Segment Start: SOURCE MATERIAL

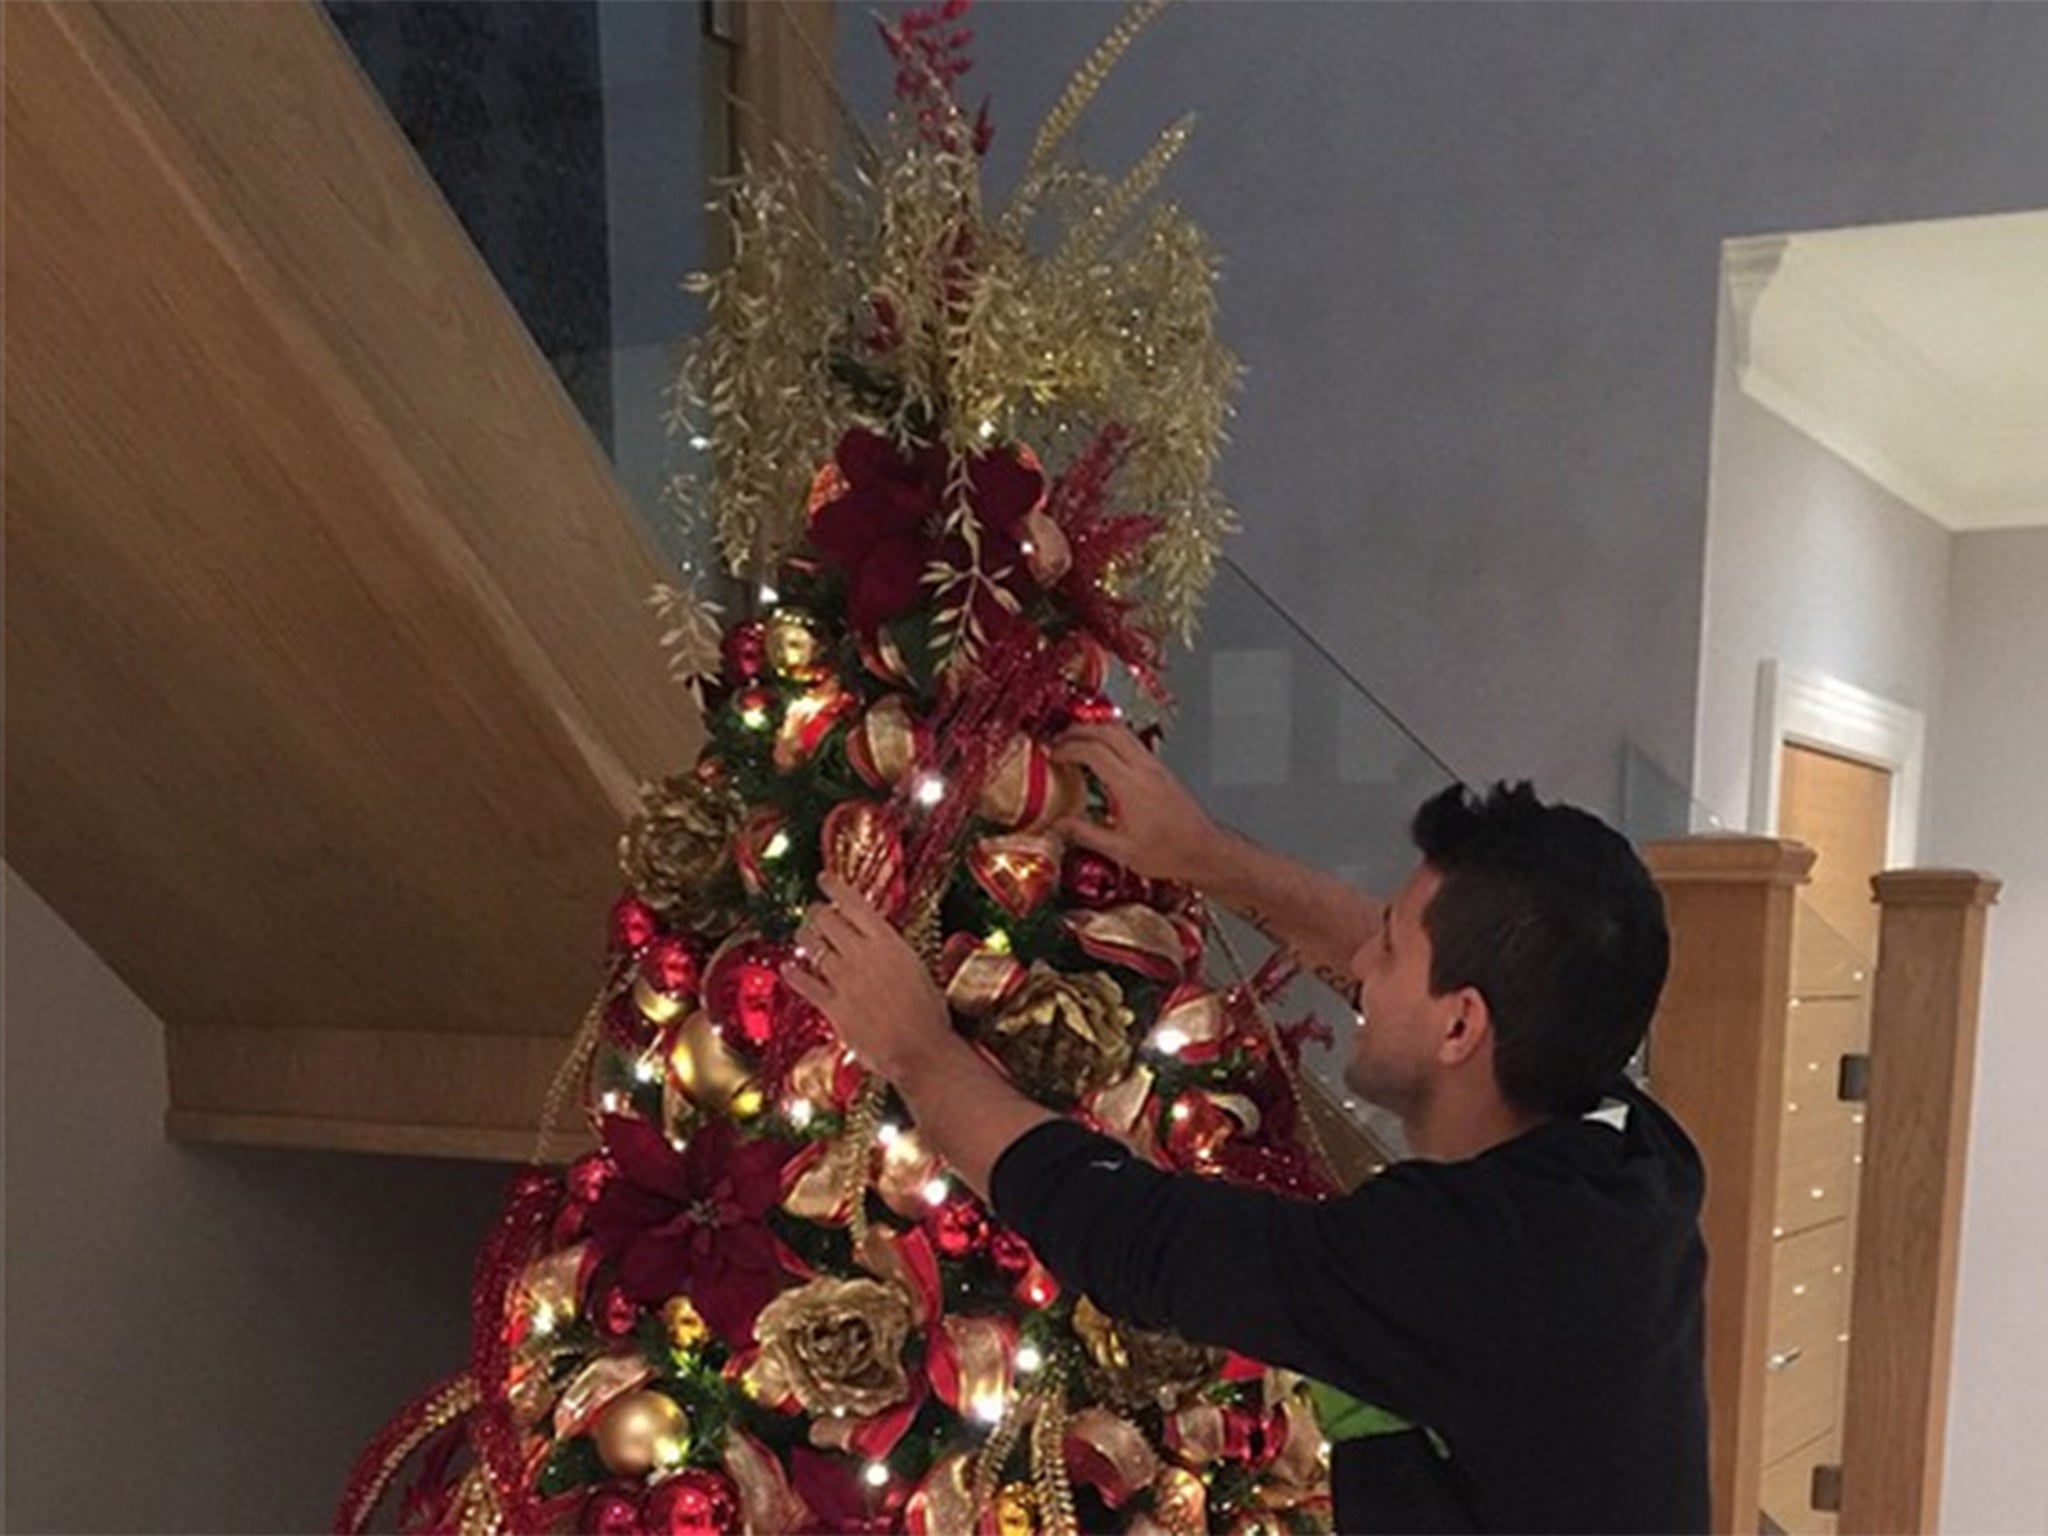 Sergio Aguero puts the finishing touches to his Christmas tree
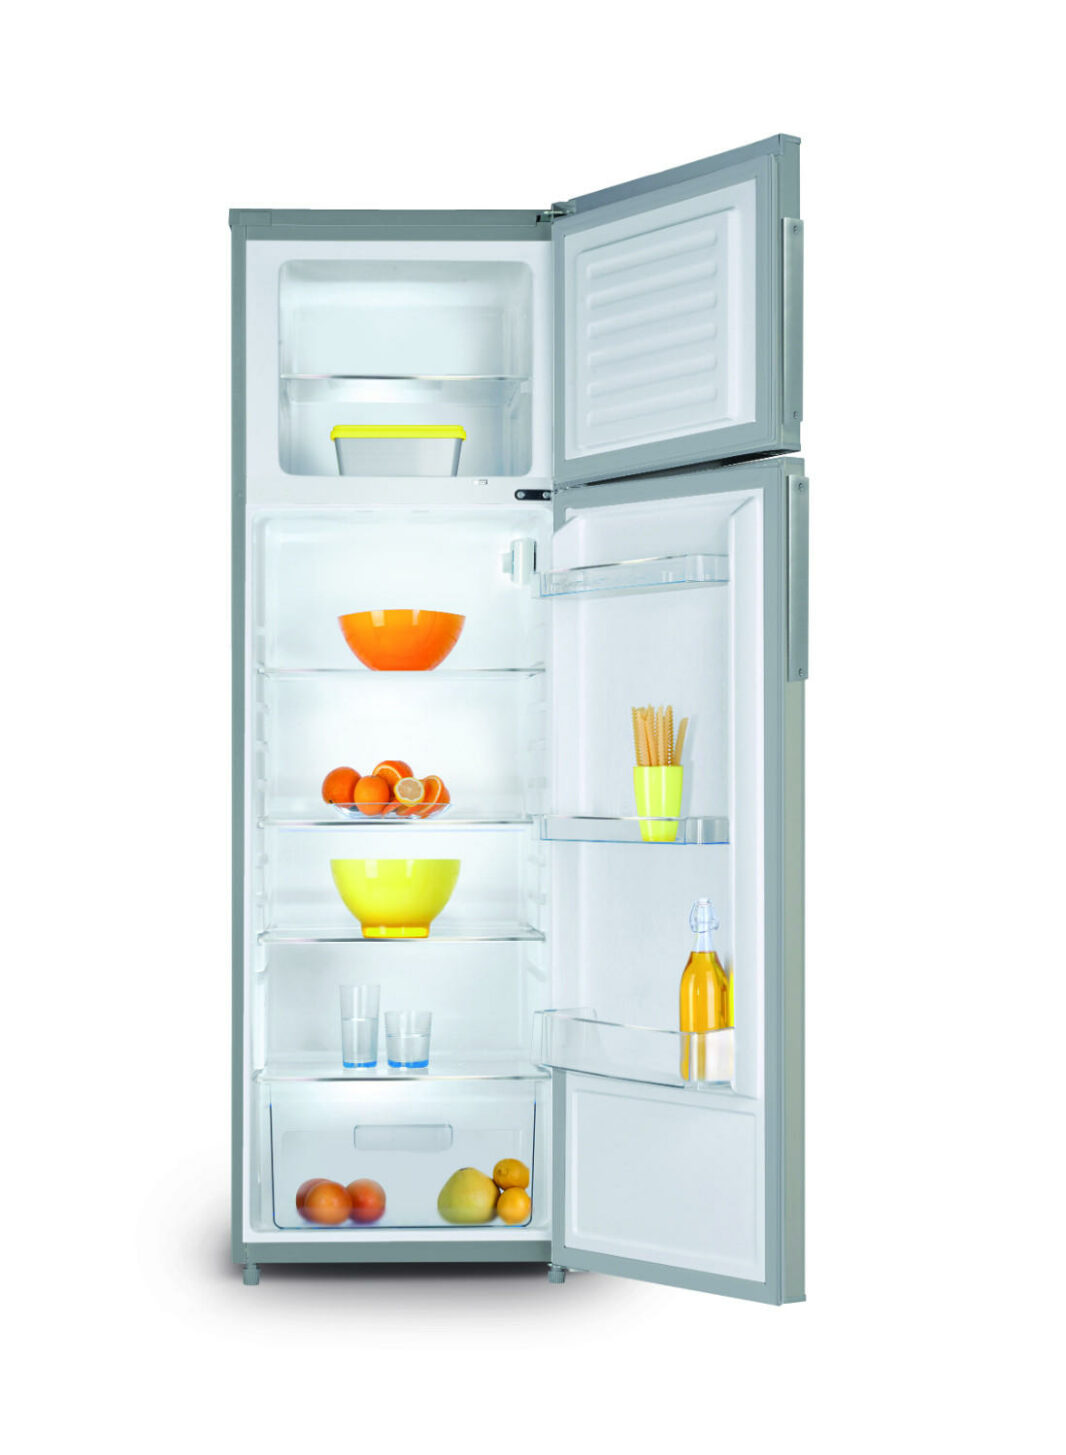 Réfrigérateur 2 portes inox 260L - Schneider
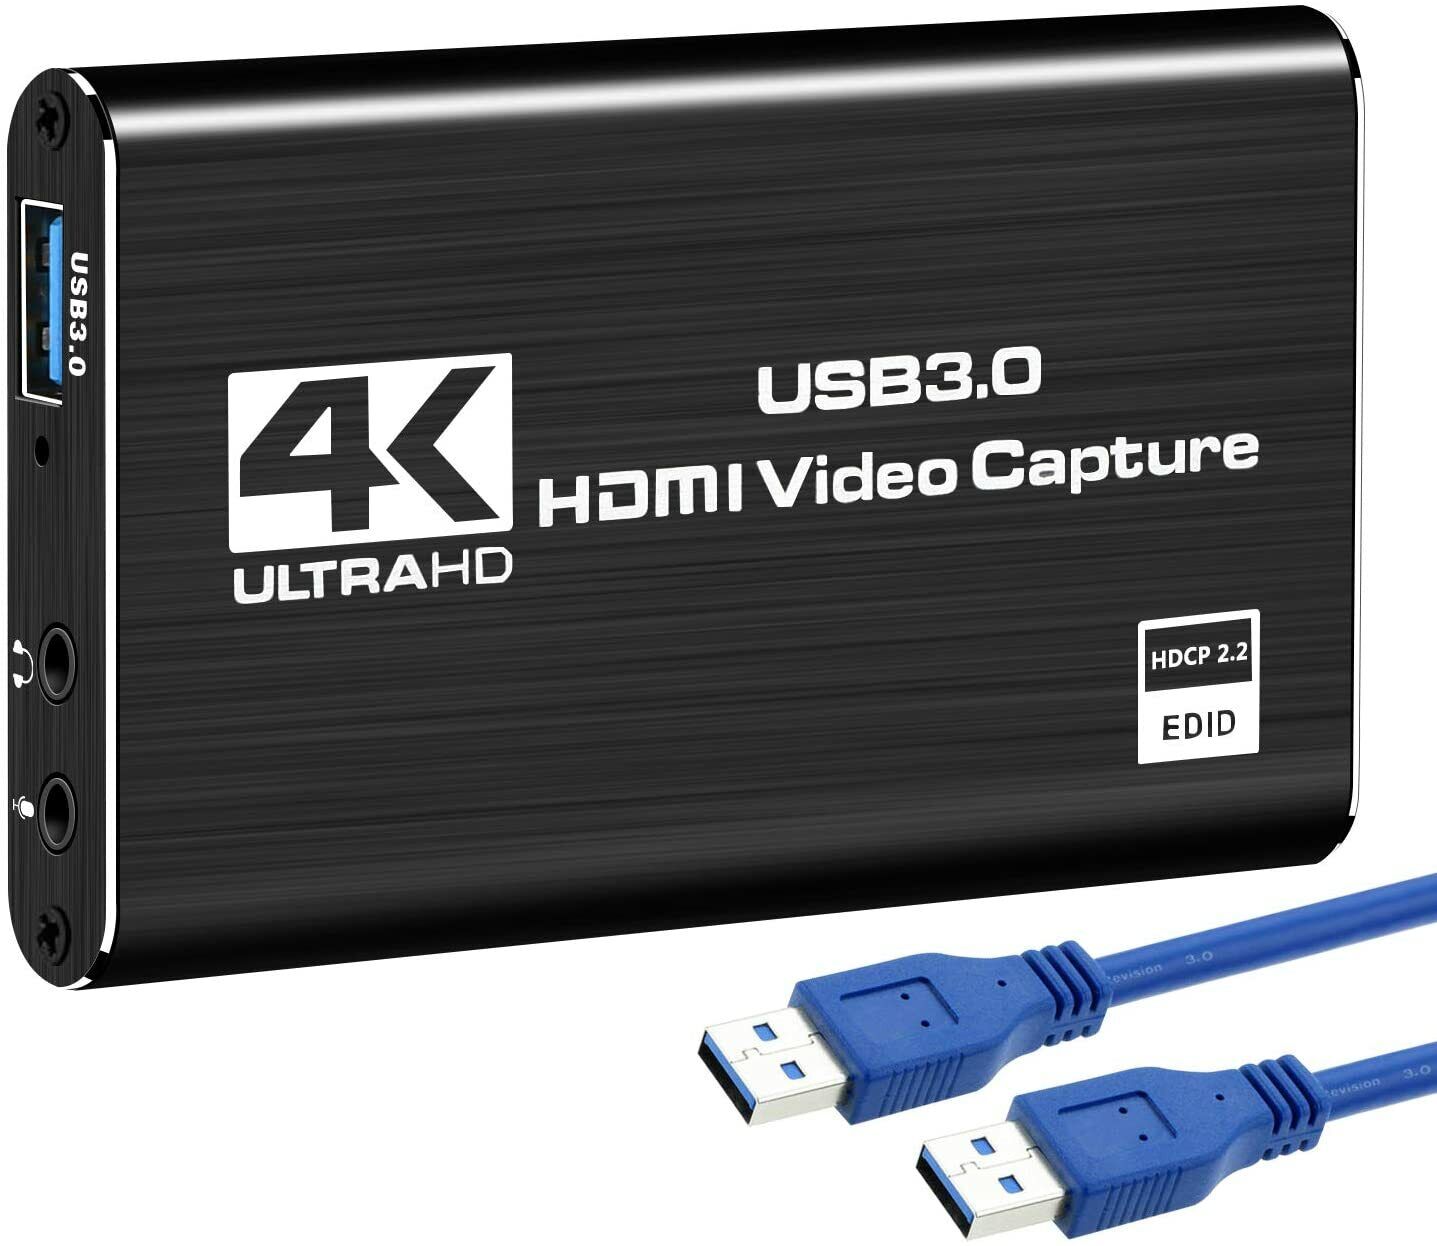 DIGITNOW 4K Audio Video Capture Card, USB 3.0 HDMI Video Capture Device Full HD

Segment End: SOURCE MATERIAL

*WHAT TO WORK ON*. Give the listing above again in its entirety, exactly as written and free of images.

*RESULT FOR THIS EXERCISE*.
 Sergio Aguero puts the finishing touches to his Christmas tree
 Réfrigérateur 2 portes inox 260L - Schneider
 DIGITNOW 4K Audio Video Capture Card, USB 3.0 HDMI Video Capture Device Full HD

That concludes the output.